Sunday, March 8, 2009

Goodbye to liberal arts?

There have been a few reports recently, like this one in the New York Times, warning about the increasing share of family income required to put a student through college.
Last year, the net cost at a four-year public university amounted to 28 percent of the median family income, while a four-year private university cost 76 percent of the median family income.
That's scary. But besides increasing numbers of families unable to pay for higher education (or going into more debt to do so), I wonder whether we will see another short to medium-term recessionary effect on education--a shift in choice of studies, particularly at the undergraduate level.

When I was beginning college in 2003, the economy was pretty significantly different. It wasn't great (unemployment 6%, compared with today's 8%), but we hadn't just been hit with a financial crisis, and we weren't in a deep recession. I remember many conversations about the all-important choice of major, most of which revolved around personal interests, professors, university-specific requirements, and of course, careers. At least back in freshmen year, however, the career portion of these conversations was only but a segment, and focused on the breadth of things one could go on to do after getting a degree in chemical engineering, psychology or public policy.
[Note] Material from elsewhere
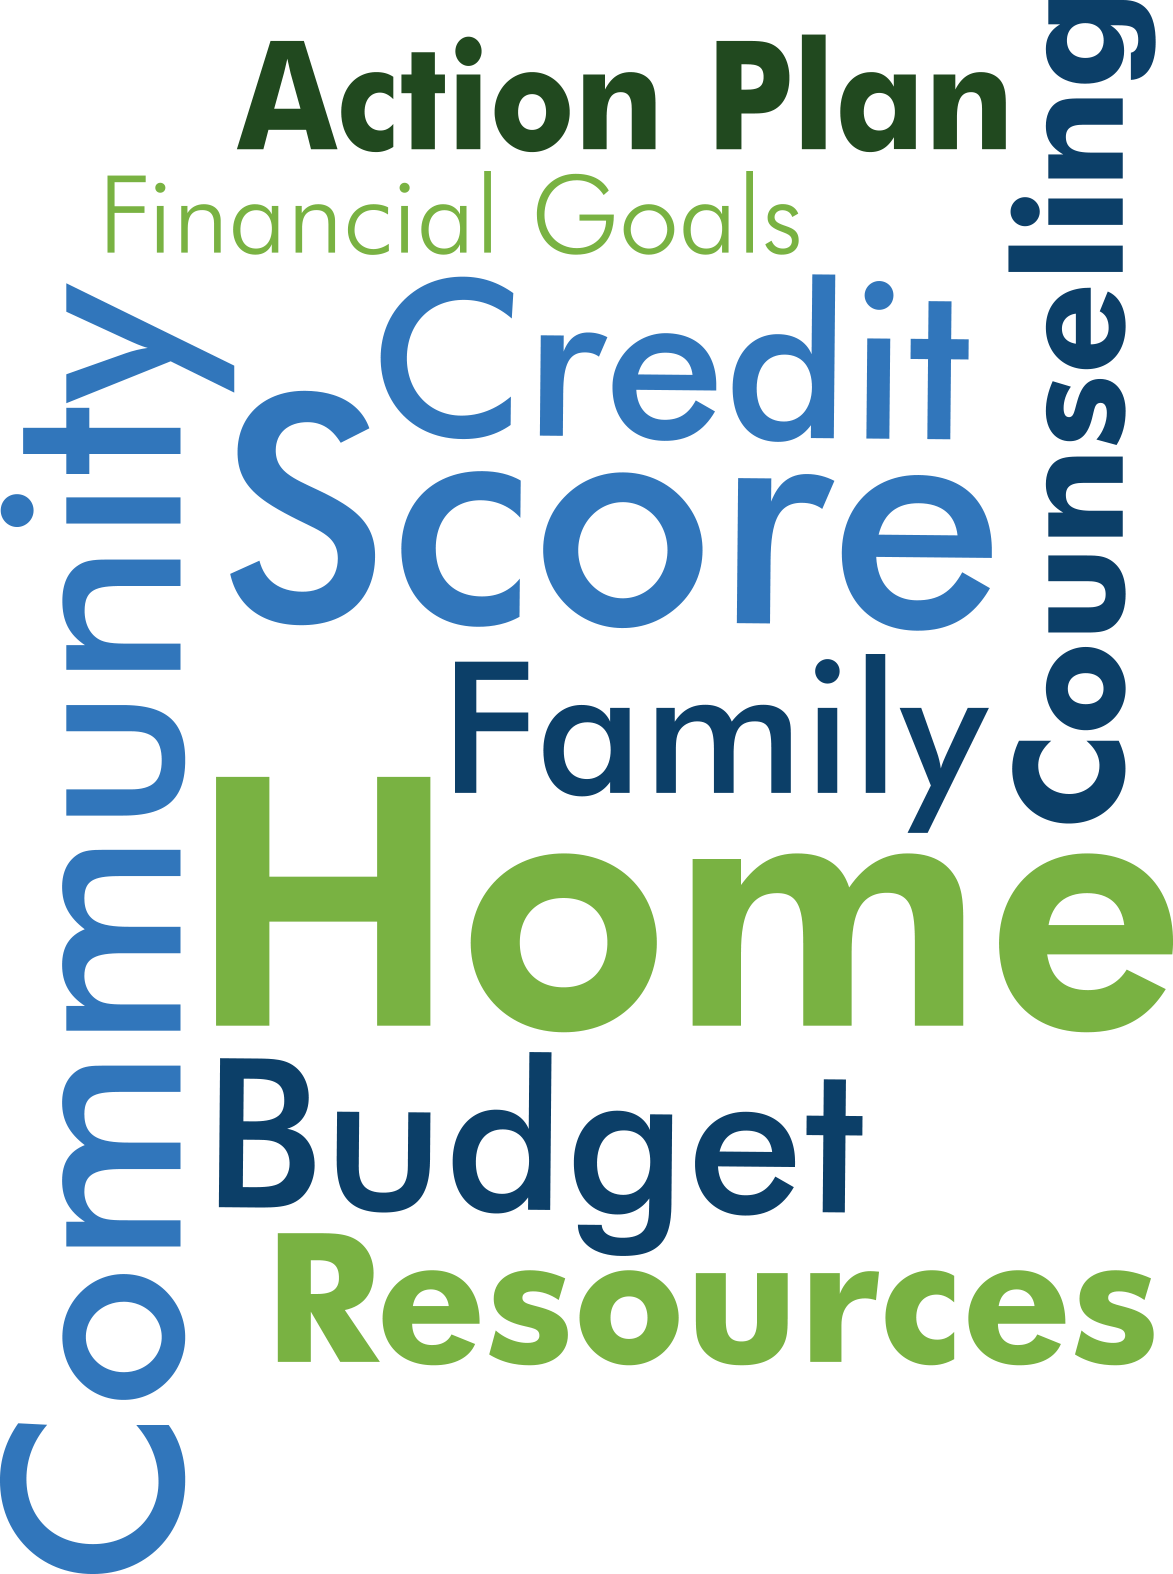 Know various Housing Counseling services, such as knowing your credit score and creating a budget and action plan.

Today, at college campuses across the country, I'd imagine the conversation sounds a bit different. College freshmen--and even high school students--hear the stories from fellow-students approaching graduation and considering the options (work, travel, more school). Included in those are most definitely the subset of horror stories from students who are finding the job outlook shockingly more bleak than they had expected (even after widening their scope to less-relevant or less personally interesting fields). My personal experience tells me that these challenges travel quickly through the grapevine of friends, classes, and parental cautionary tails. Surely college frosh are listening; some of them must be asking themselves how attractive their intended major will really be. It's not a new question by any means, but perhaps the stakes have changed.

My guess is we'll see a trend in education, starting right now, towards departments with direct links to the industries that are still hiring the largest numbers. I'm not sure which majors will see the largest benefit (but I might guess computer science, economics, and biology/biochemistry--though med-school applications are way up too, and therefore even more competitive than usual) but you can bet the liberal arts aren't on the list.

So departments will shrink, funding will be redistributed. But the medium/long-term effect on the workforce? Perhaps less generalists and more unhappy students (compelled to study a field fit for a dreary job market, but not for them). The arts will suffer, that's clear, but I think there's more.

The kids who majored in Italian literature--these are the ones that chose their field because they were intrigued by it, not because it would land them a good salary once they tossed their caps. As a society, I want to believe we get something very important from encouraging those guys to study what they want.

Of course there are interest-motivated students outside of the liberal arts (I'd like to think I was one of them). But in fields with few post-graduation perks, I think you find a lot of very valuable minds, and I don't think I want those minds to be coerced into anything, let alone today's most marketable degree.

1 comment:

  1. This breaks my heart. I think you're right, but I can't bear it. Perhaps it's stupid of me, but I would still major in Classics. Even if I am unemployed, it was totally worth it.